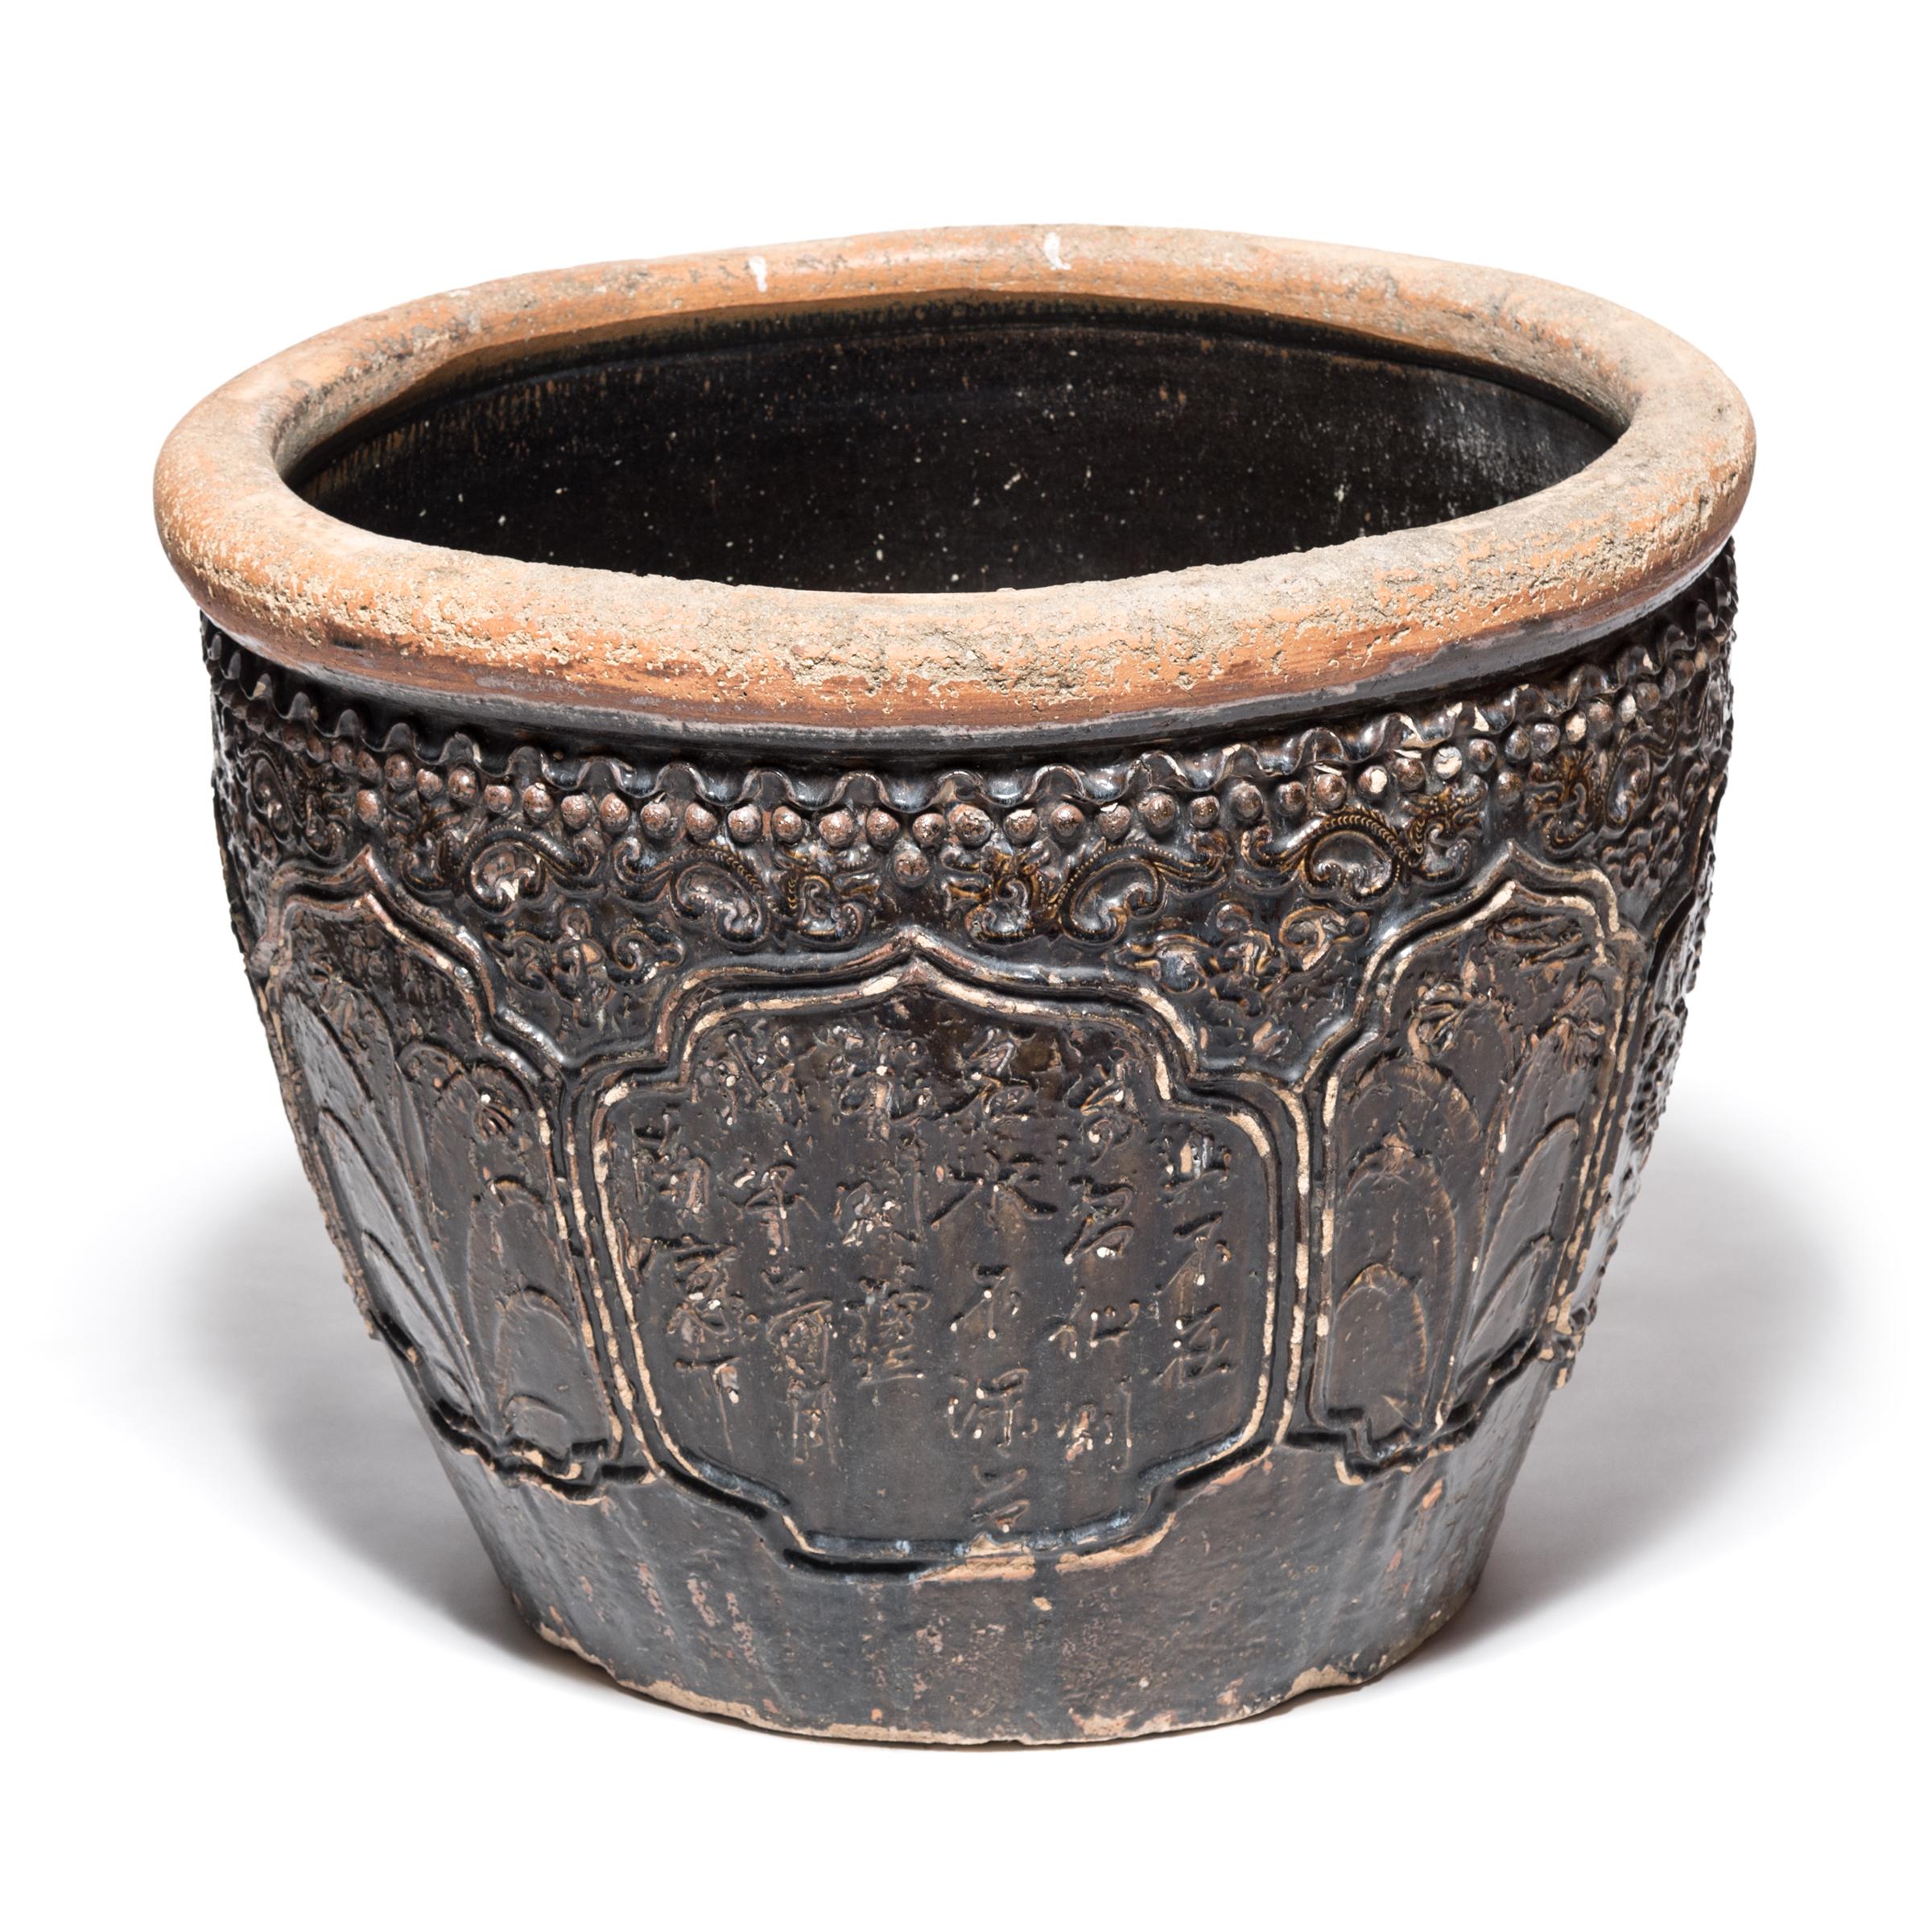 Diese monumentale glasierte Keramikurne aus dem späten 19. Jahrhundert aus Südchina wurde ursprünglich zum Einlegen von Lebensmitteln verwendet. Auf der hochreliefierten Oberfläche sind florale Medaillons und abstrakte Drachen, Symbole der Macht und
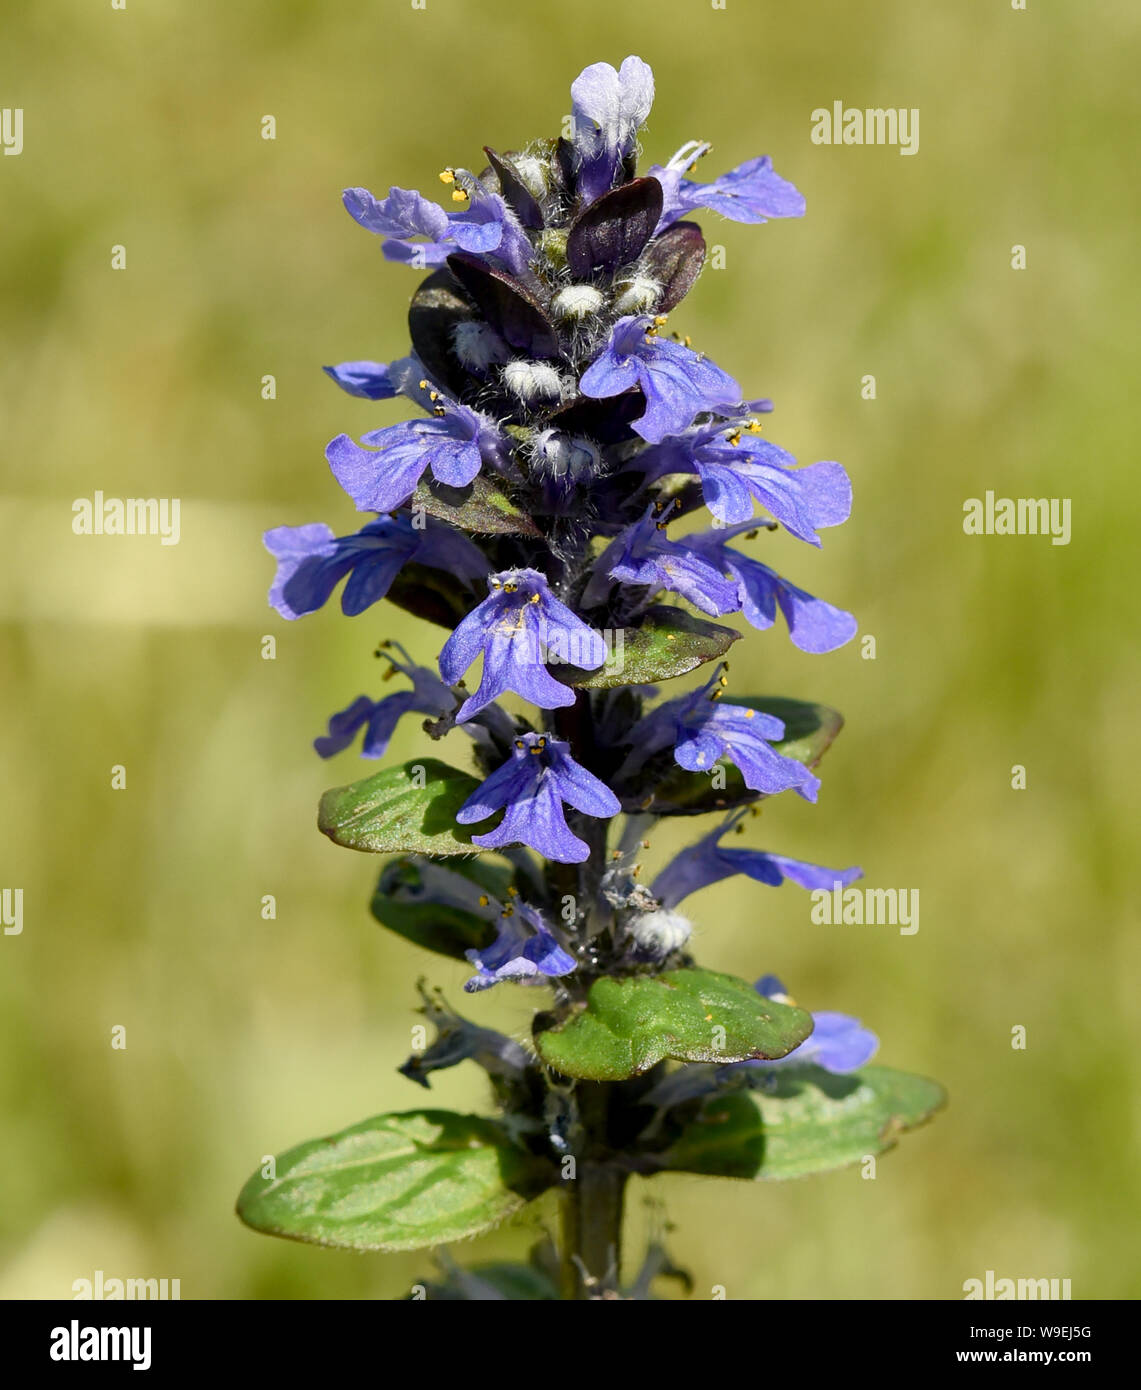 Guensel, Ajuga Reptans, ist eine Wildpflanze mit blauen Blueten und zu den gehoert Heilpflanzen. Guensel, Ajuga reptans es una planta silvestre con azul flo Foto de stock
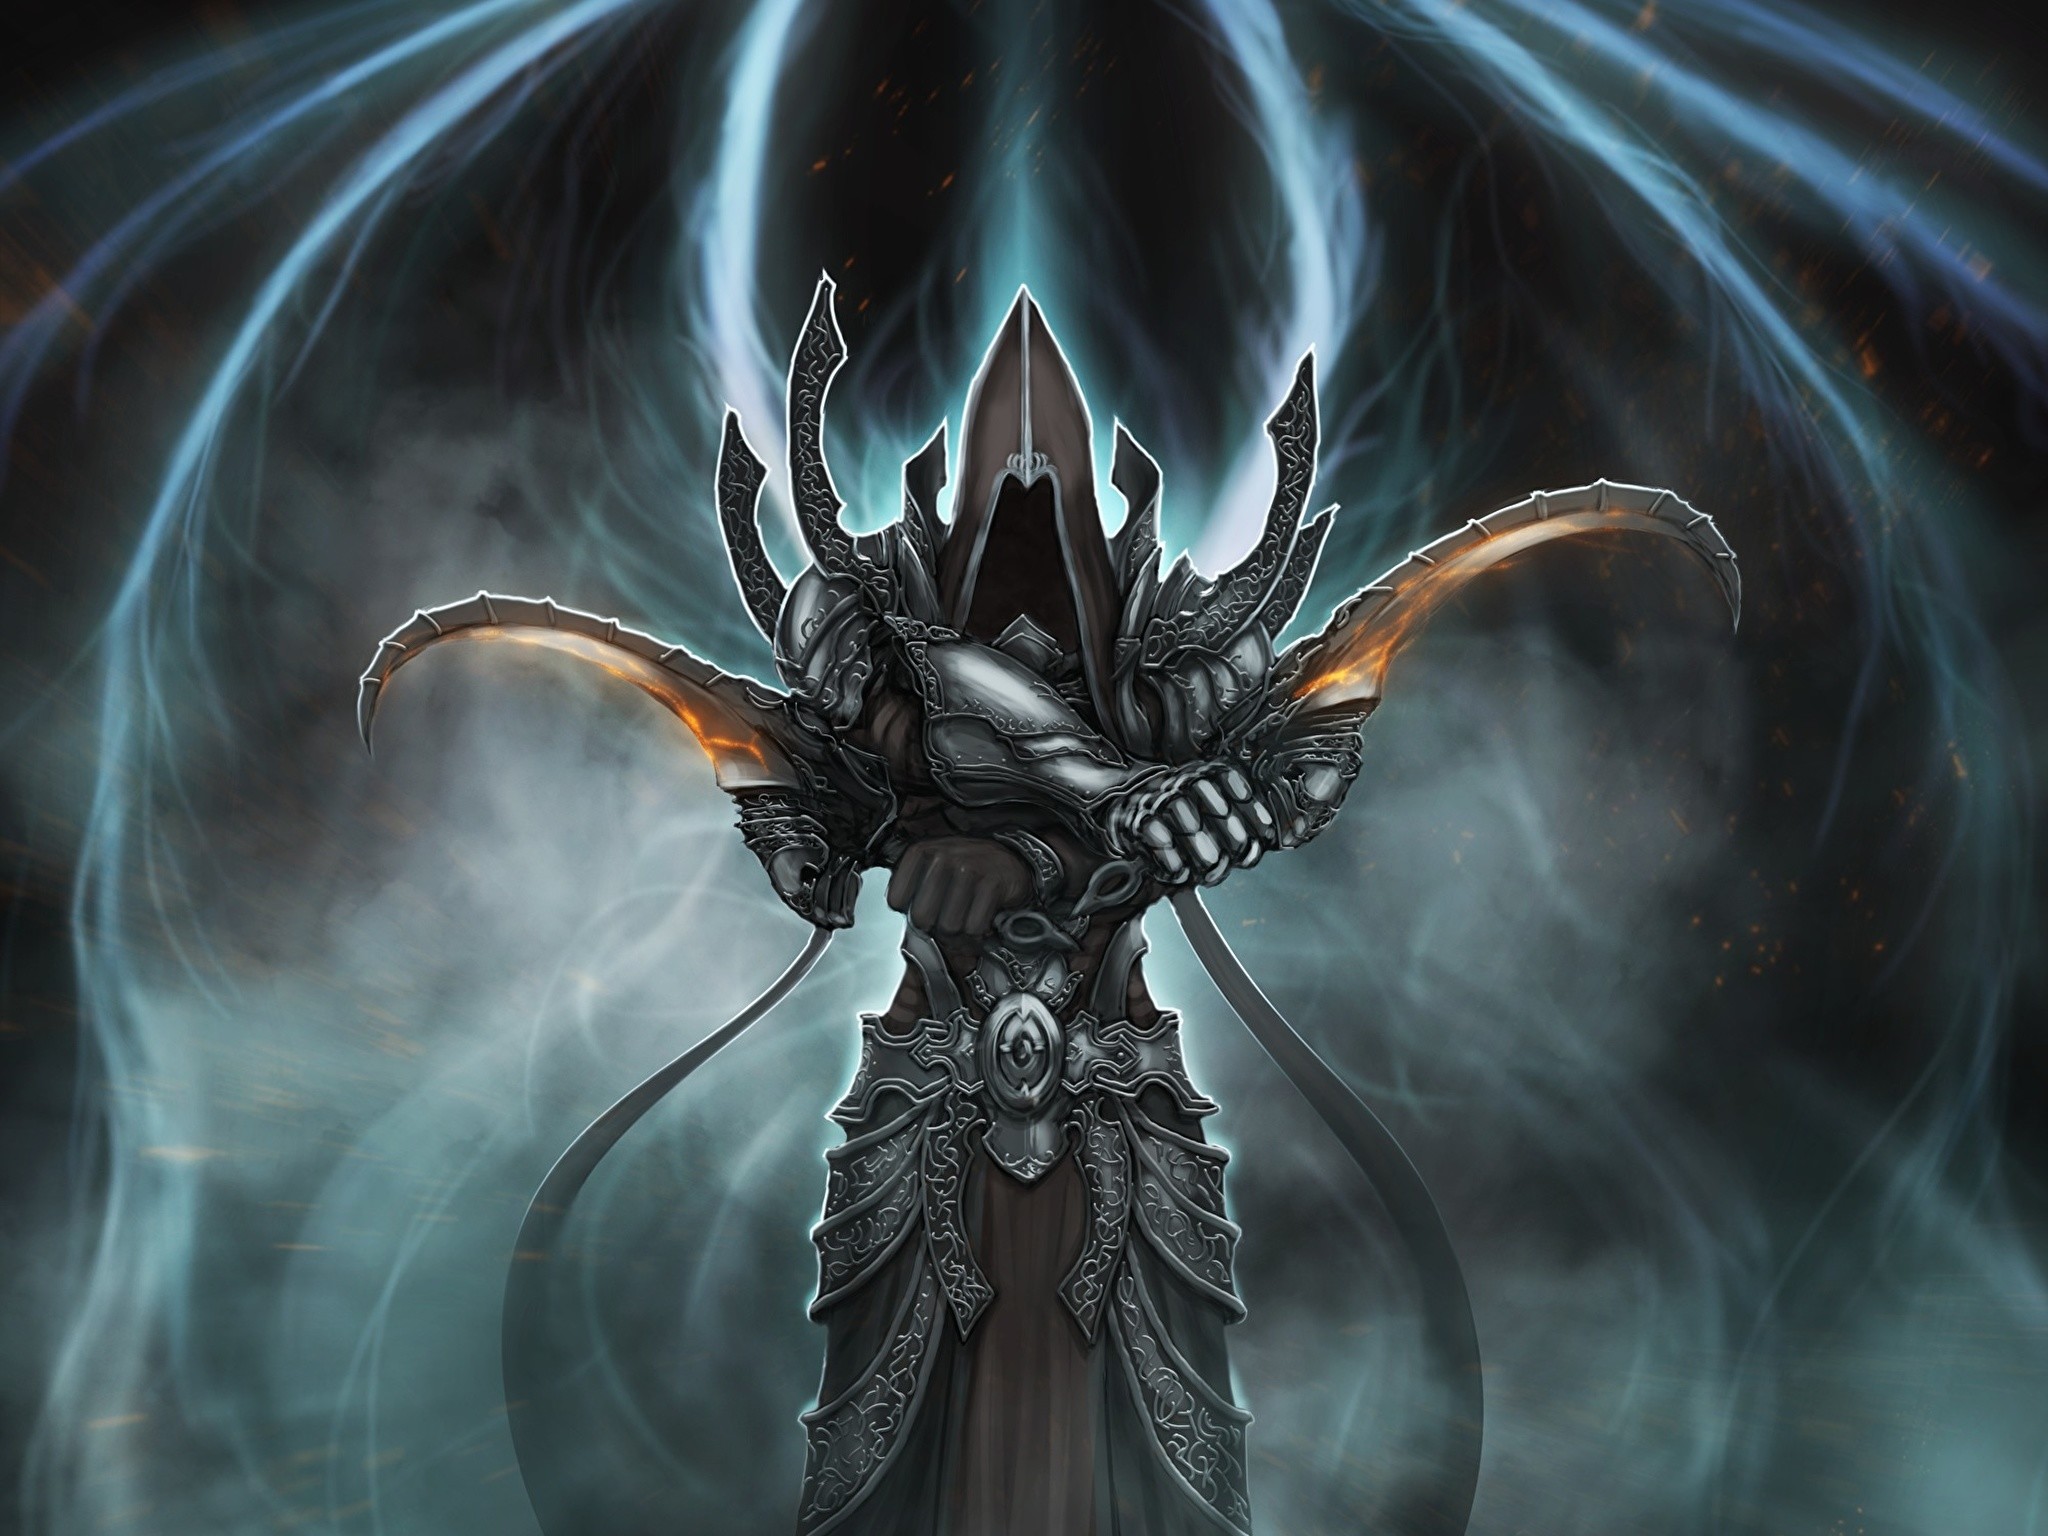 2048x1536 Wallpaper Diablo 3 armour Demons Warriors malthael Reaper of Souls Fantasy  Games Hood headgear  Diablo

++++++

— Exercise goal —
Without any pictures, write out the lines running from the one containing "Guensel, Ajuga Reptans, ist" through the end of the listing above, both included, exactly as given.

— Result below —
 Guensel, Ajuga Reptans, ist eine Wildpflanze mit blauen Blueten und zu den gehoert Heilpflanzen. Guensel, Ajuga reptans es una planta silvestre con azul flo Foto de stock
 2048x1536 Wallpaper Diablo 3 armour Demons Warriors malthael Reaper of Souls Fantasy  Games Hood headgear  Diablo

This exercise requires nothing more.